What the task asks =
The expected response is the full listing, retyped exactly, without its images.

Source data =
-- Opening Marker --

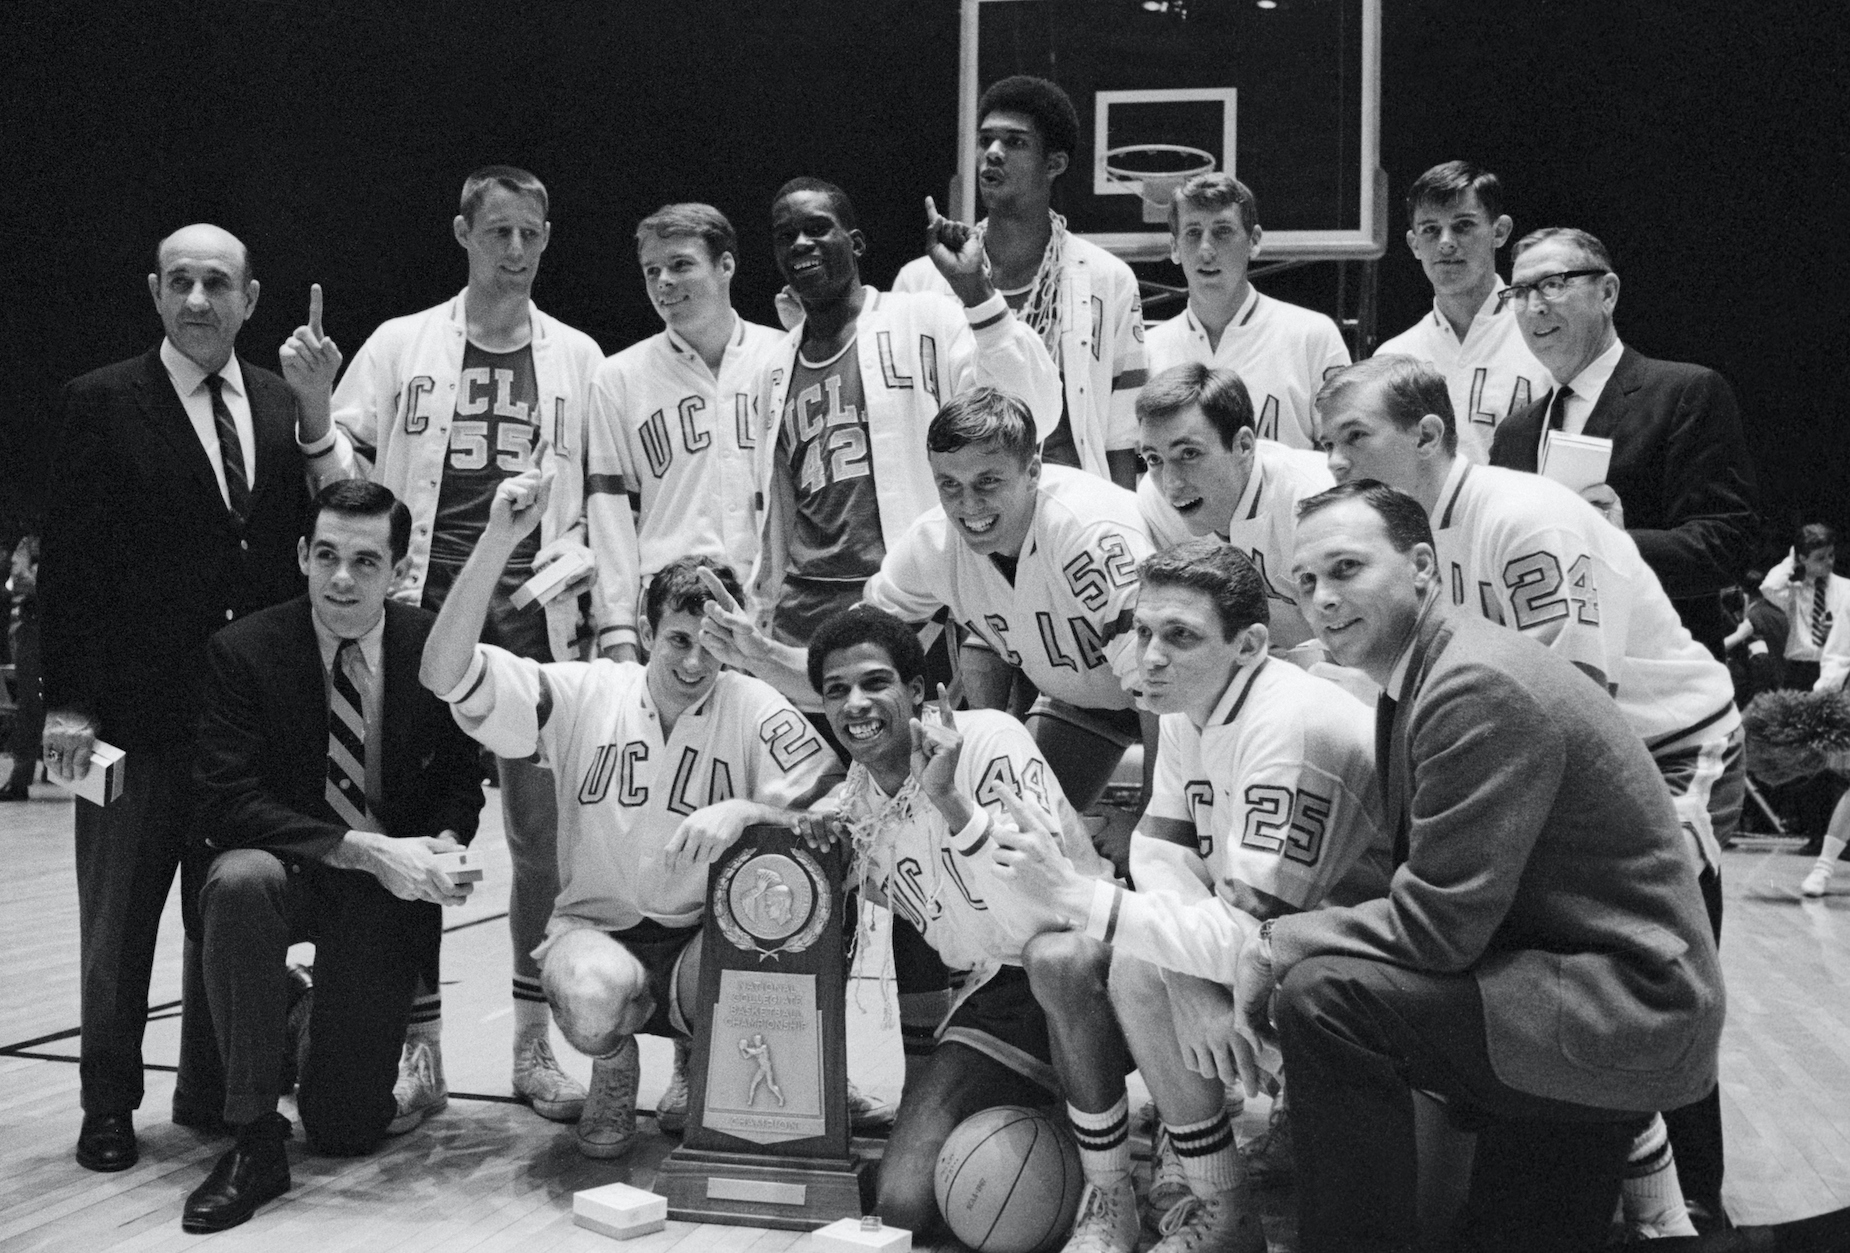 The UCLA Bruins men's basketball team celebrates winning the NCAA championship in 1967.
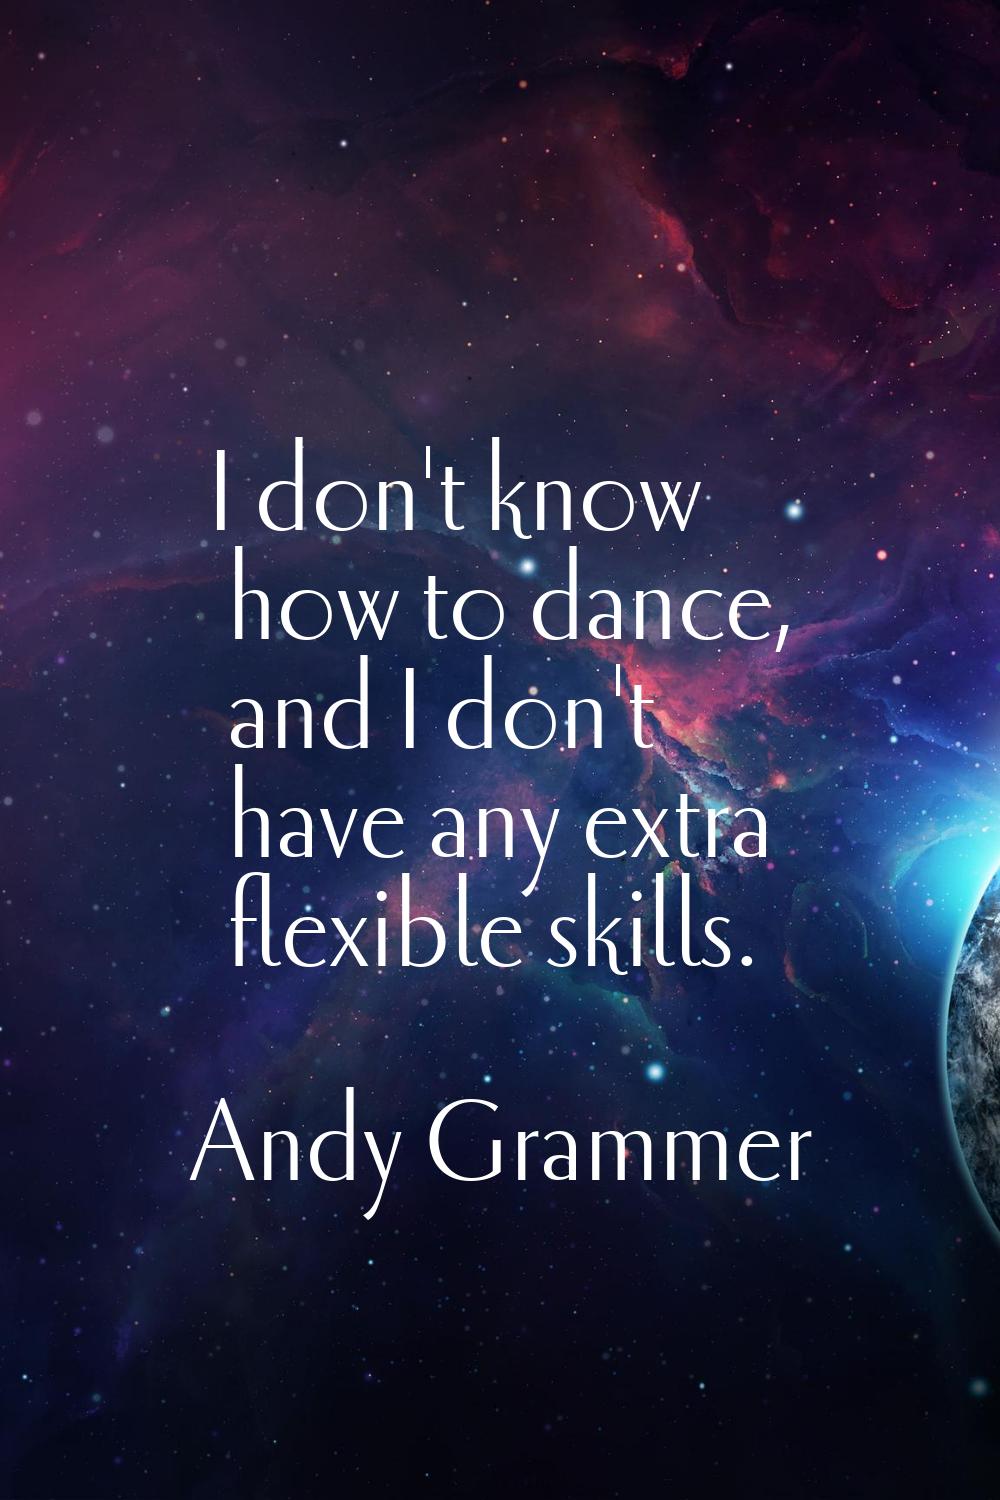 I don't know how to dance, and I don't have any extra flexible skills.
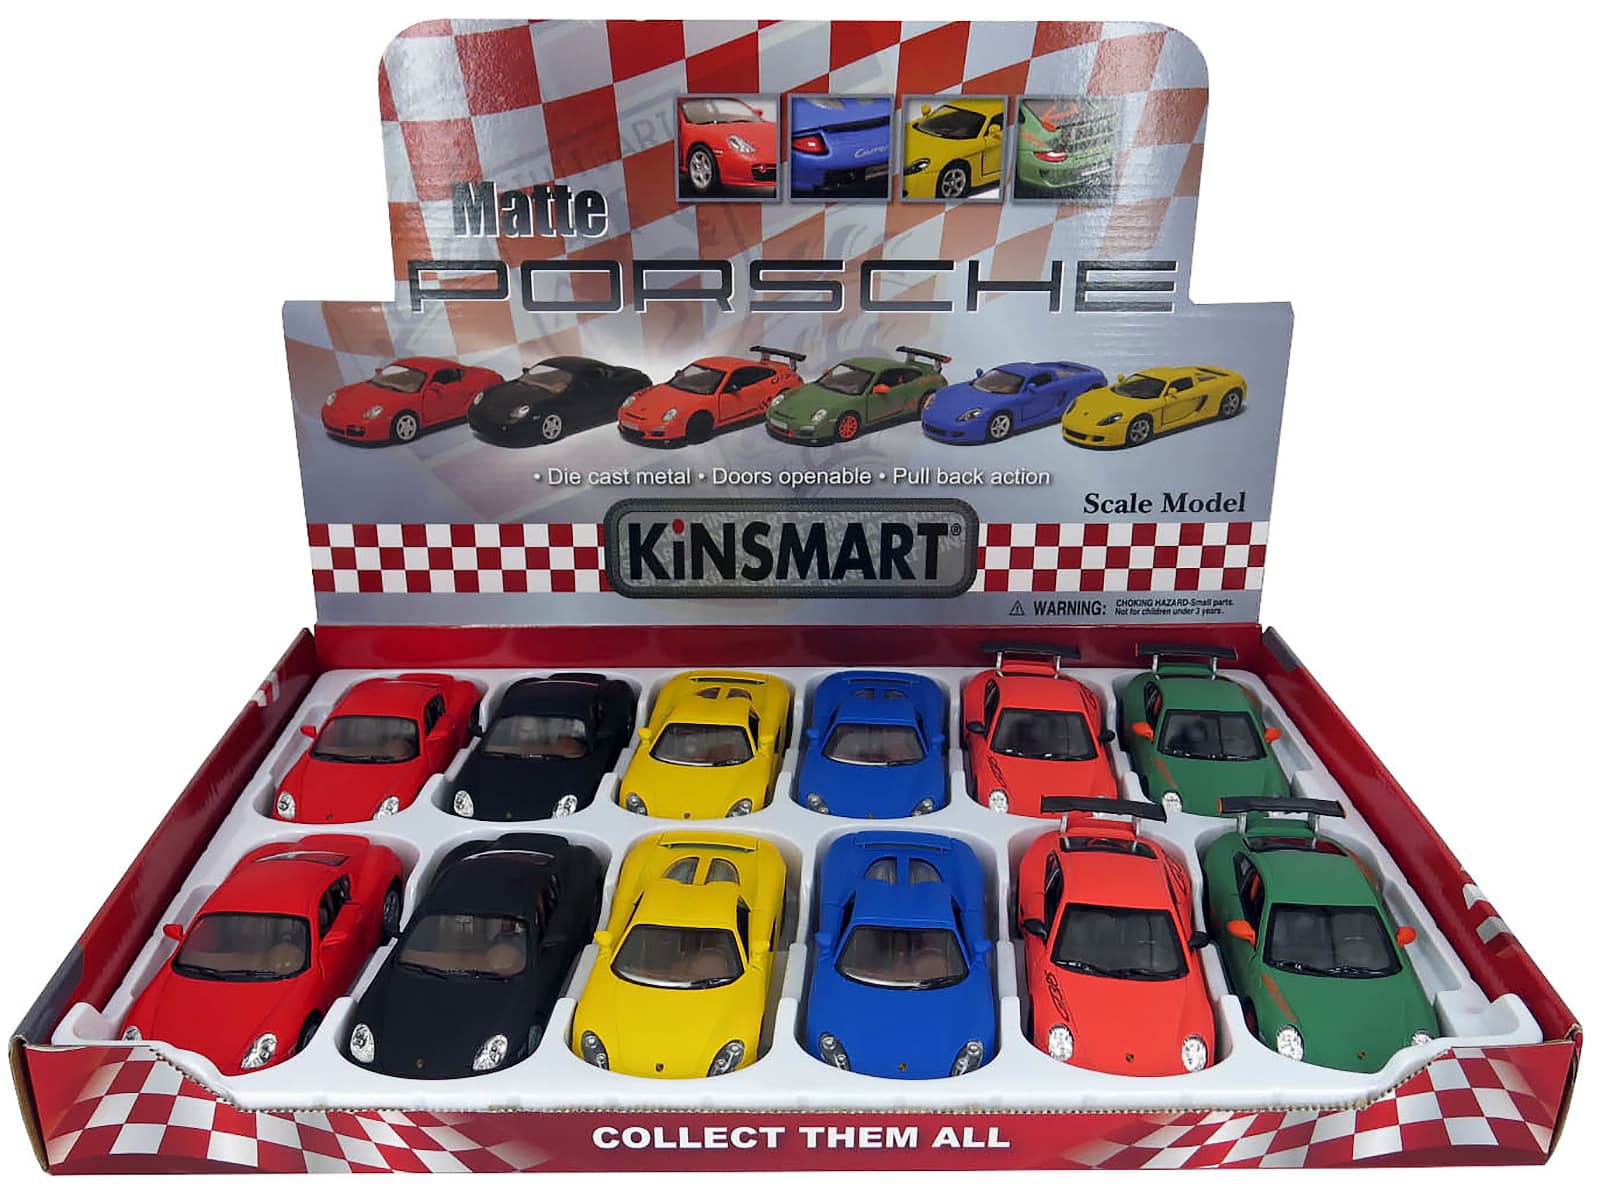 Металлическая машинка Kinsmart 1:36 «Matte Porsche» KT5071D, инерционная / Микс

-- Closing Marker --

Answer area =
 The UCLA Bruins men's basketball team celebrates winning the NCAA championship in 1967.
 I don't know how to dance, and I don't have any extra flexible skills.
 Металлическая машинка Kinsmart 1:36 «Matte Porsche» KT5071D, инерционная / Микс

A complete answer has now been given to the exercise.